Closed jpmckinney closed 6 months ago
Actually, without --ndjson
, but with a non-array input, it still succeeds with threads 1 and 2 (even though it should presumably fail for the provided reason), but fails otherwise.
Edit: And if I use the array example without --ndjson
:
[{
"id": 1,
"title": "A Film",
"type": "film"
},
{
"id": 2,
"title": "A Game",
"type": "game"
}]
I get the same behavior re: thread count.
Using --json-stream
instead of --ndjson
yields the same results.
@jpmckinney
Yes, it fails on datasets where the amount of rows is less than the amount of threads, i.e when a thread in effect will have nothing to do. I have been aware of this, but yet to find an elegant solution or better failure mode. The use of threads is only really beneficial for larger datasets, and be slower for such small datasets, so I hoped someone would not spot it! I should at least document this, though. Thanks for raising the issue.
I have added a comment in the docs about this and may investigate a way to avoid this error in future.
Hmm, in our case we were always setting threads=0
, but occasionally there's a tiny dataset that fails due to this issue on a 16-CPU server. I guess I'll count up to num-cpu JSON objects before setting threads
.
@jpmckinney I understand. It is surprisingly tricky to fix without either a lot of special casing for this issue, without compromising the check that determines if a single threaded run returns no results.
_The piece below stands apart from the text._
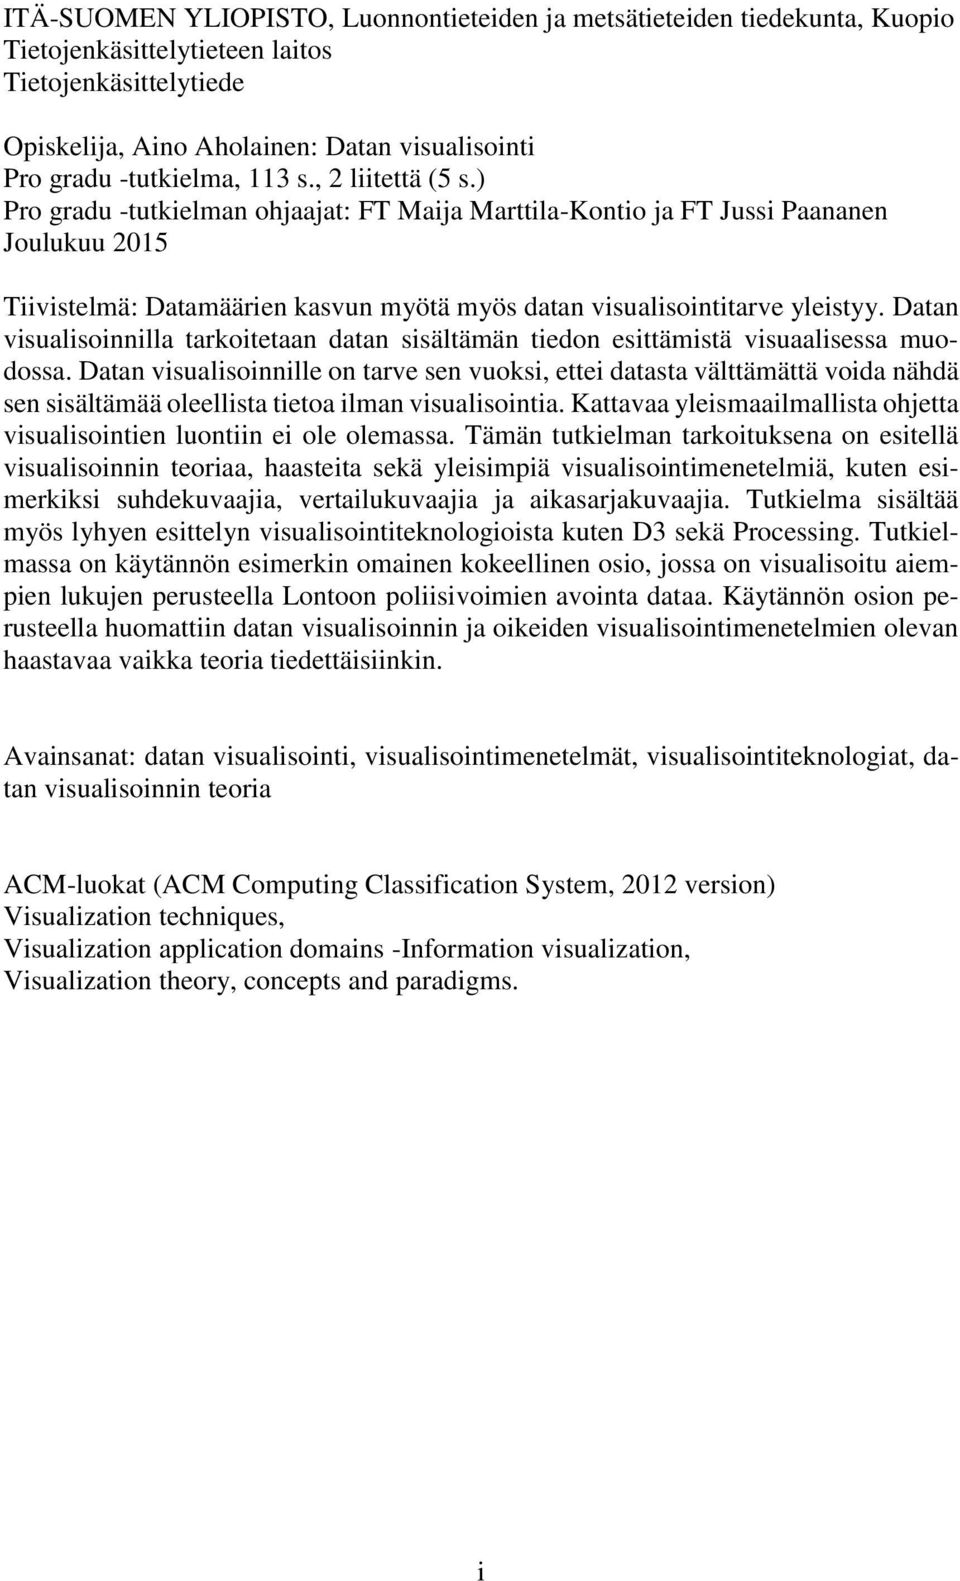 ) Pro gradu -tutkielman ohjaajat: FT Maija Marttila-Kontio ja FT Jussi Paananen Joulukuu 2015 Tiivistelmä: Datamäärien kasvun myötä myös datan visualisointitarve yleistyy.

Something like the following could be used to set the number of threads:
num_threads = len(flatterer.flatten('t', preview=16, dataframe=True, ndjson=True)['data']['main'])
this will only read the first 16 lines and will be pretty quick.
Yes, since I'm working with JSON Lines, I just open the file and count lines, breaking once the number of CPUs is reached.
I think this was fixed with #52 as I just tested with lots of threads and few rows and it appears to work for ndjson, json-stream and when selecting a path.